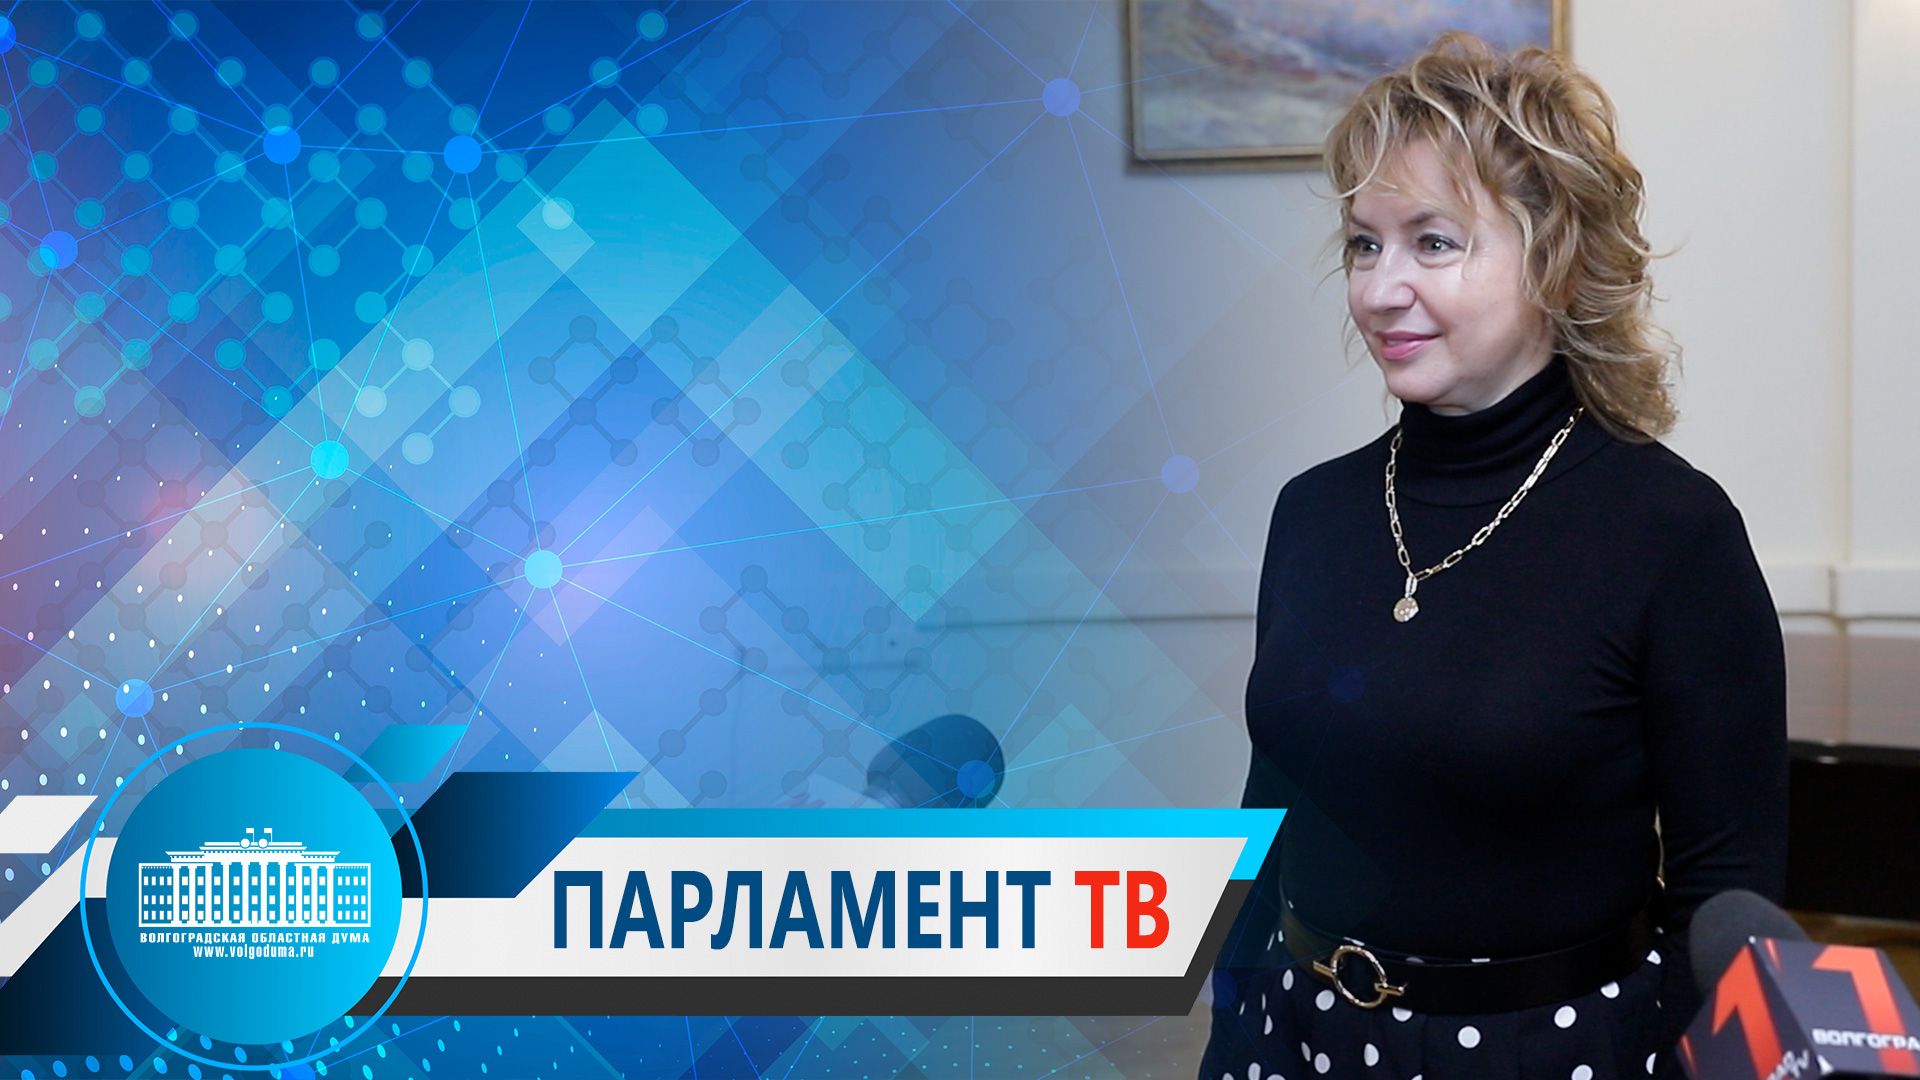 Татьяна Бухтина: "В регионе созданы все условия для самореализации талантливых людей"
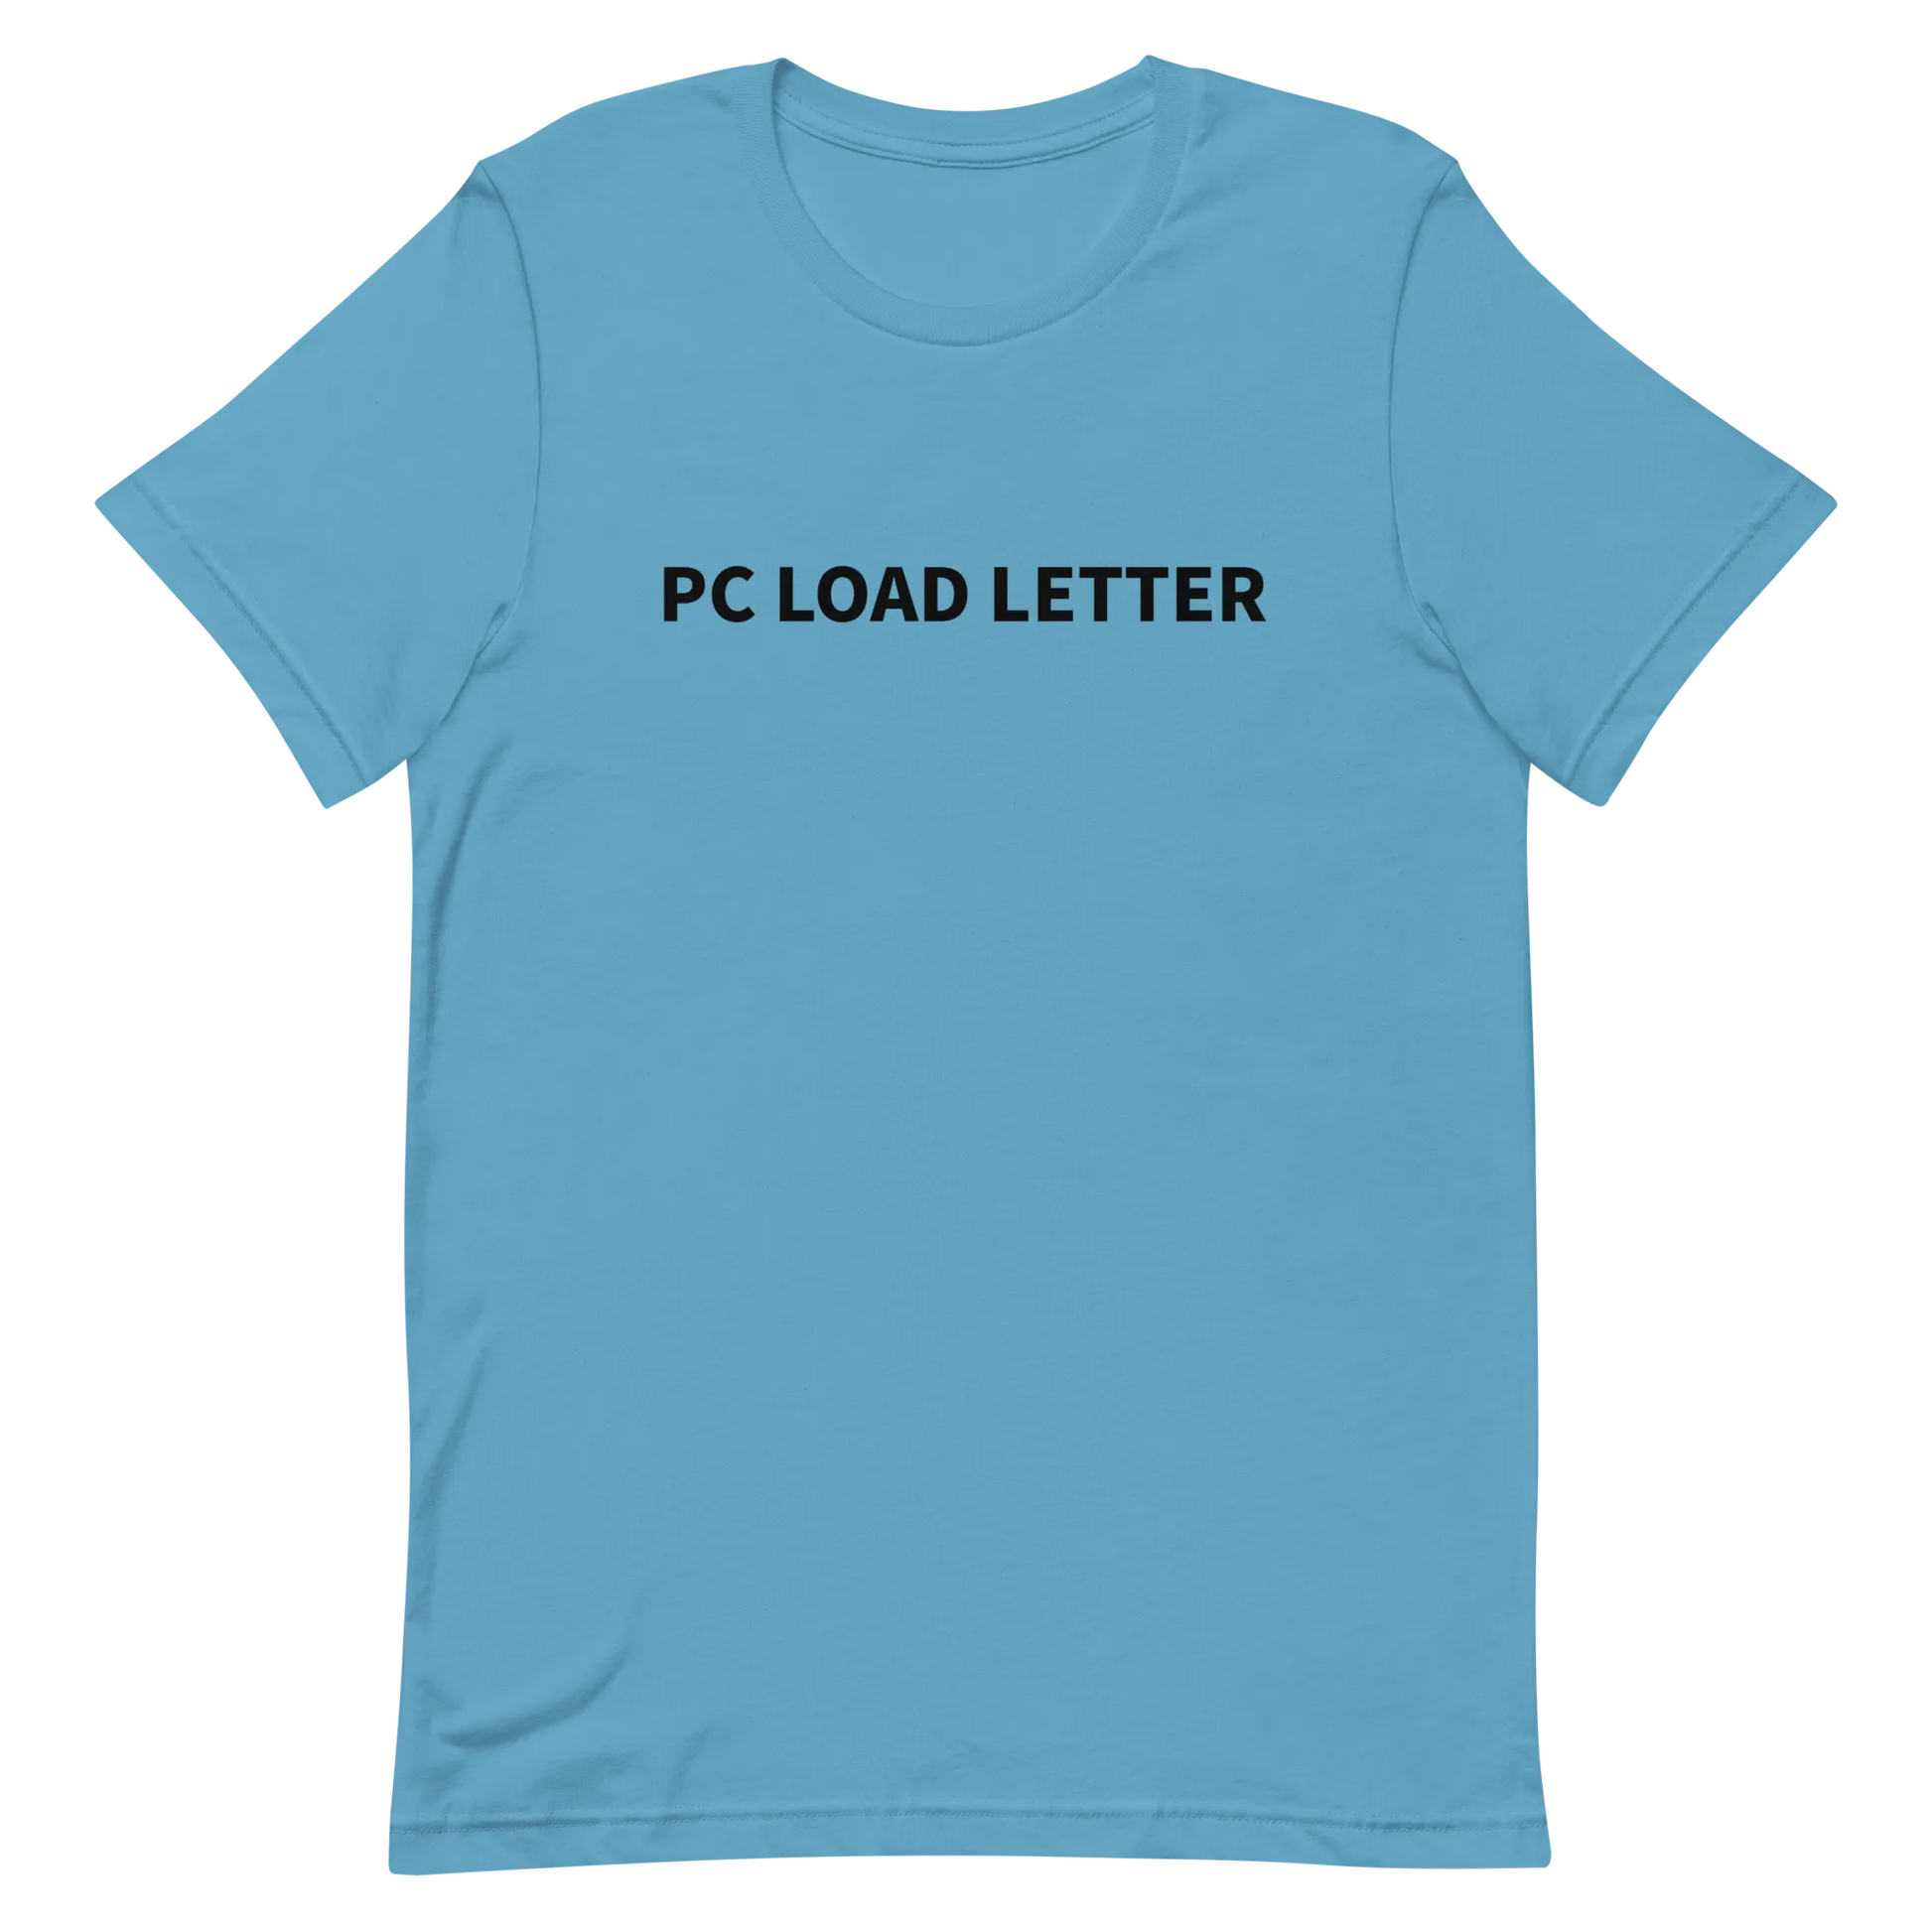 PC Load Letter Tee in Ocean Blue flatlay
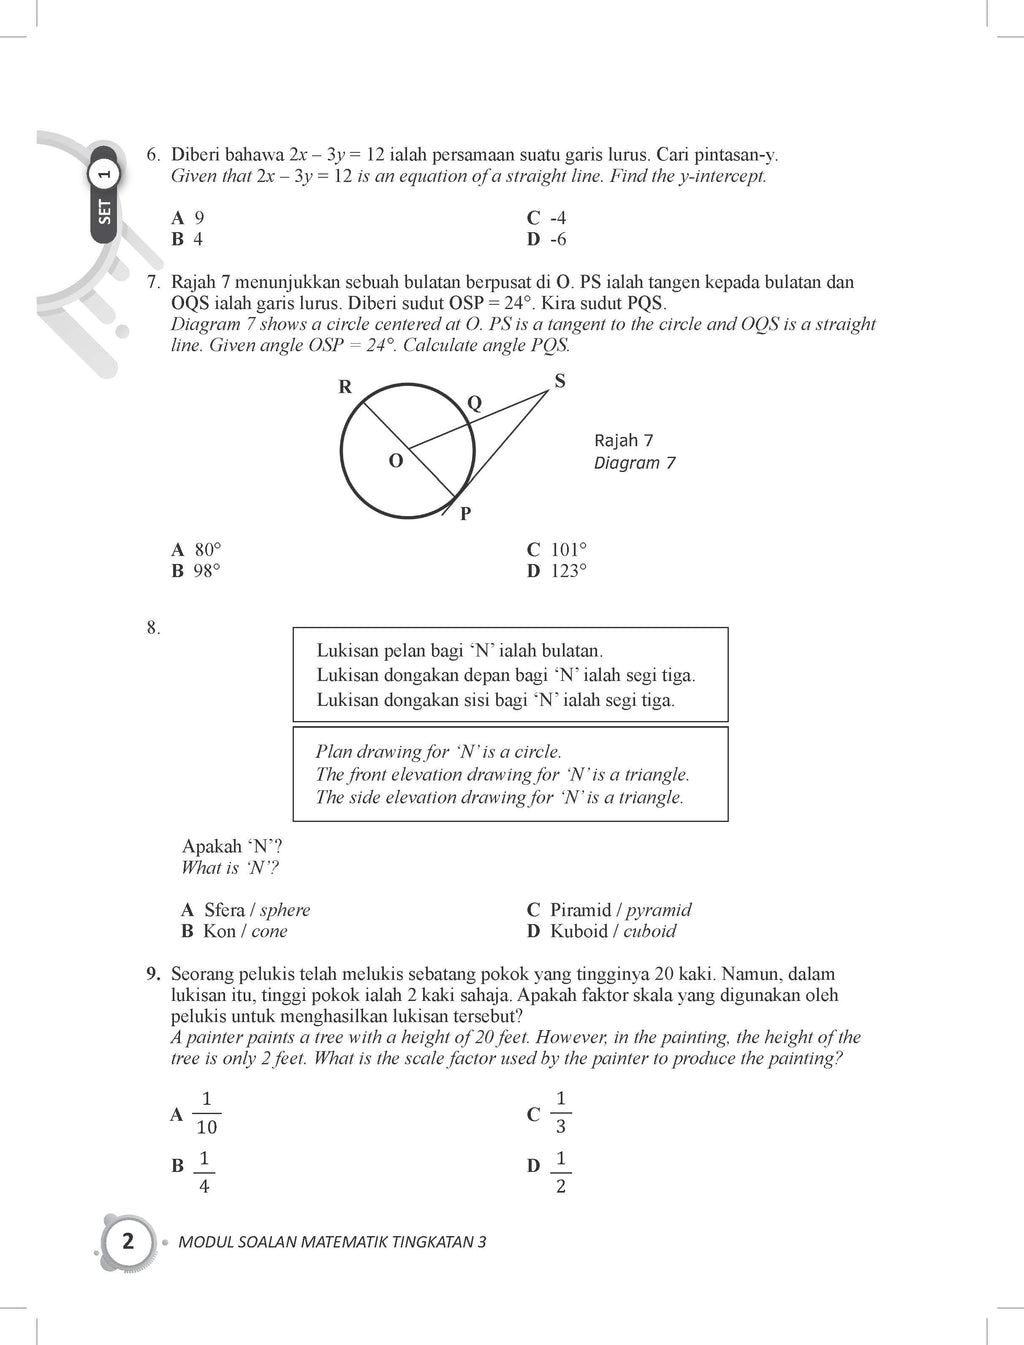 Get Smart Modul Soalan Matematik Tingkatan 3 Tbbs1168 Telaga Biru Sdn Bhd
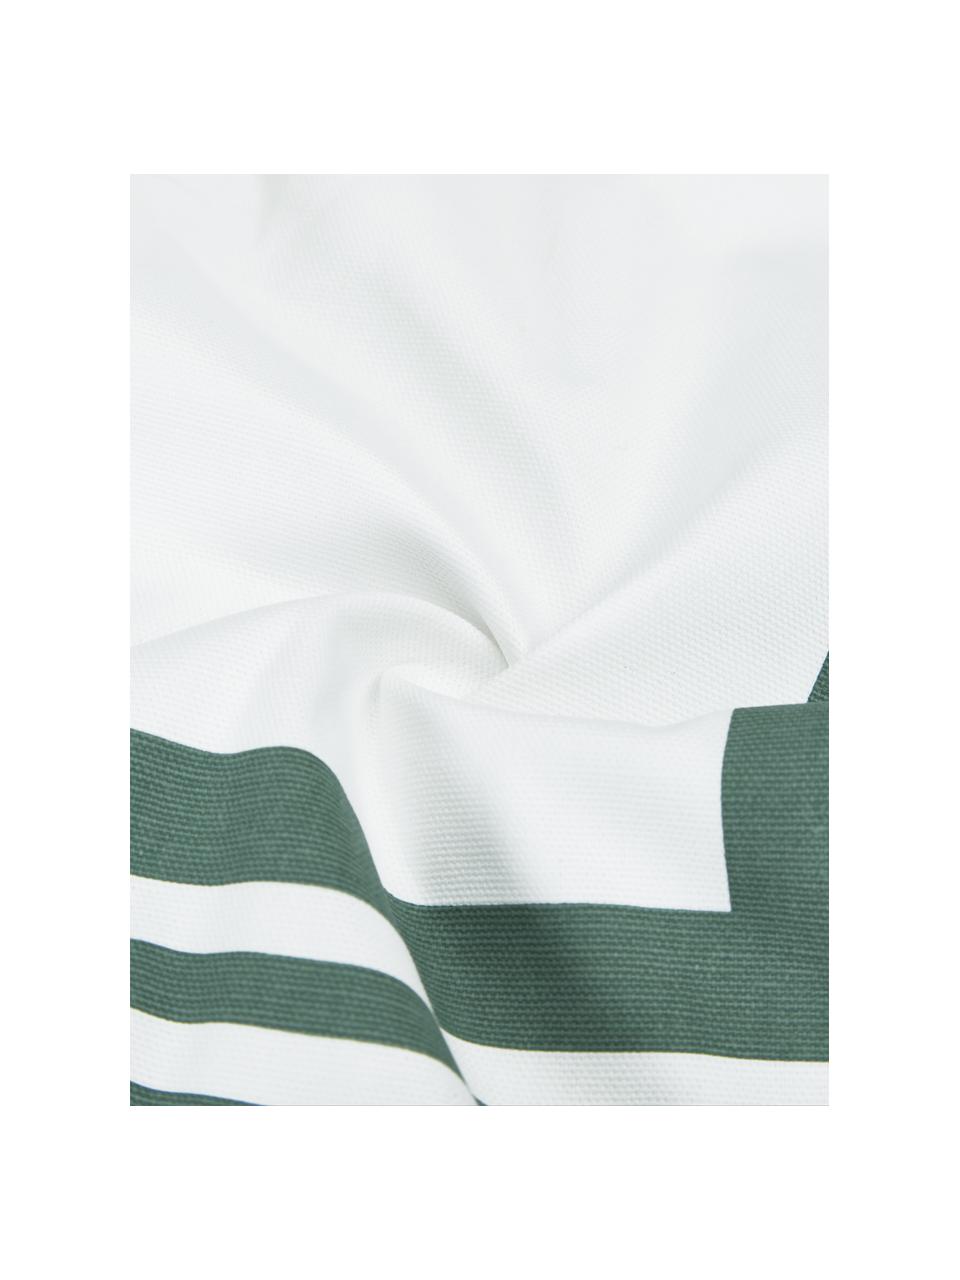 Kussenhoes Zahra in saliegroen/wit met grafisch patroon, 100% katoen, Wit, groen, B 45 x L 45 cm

※

- [Exercise details] The lines from the one containing "Get Smart Modul" through the final line of the data are to be repeated exactly, with both ends included and all pictures left out.

- [Written response]
 Get Smart Modul Soalan Matematik Tingkatan 3 Tbbs1168 Telaga Biru Sdn Bhd
 Kussenhoes Zahra in saliegroen/wit met grafisch patroon, 100% katoen, Wit, groen, B 45 x L 45 cm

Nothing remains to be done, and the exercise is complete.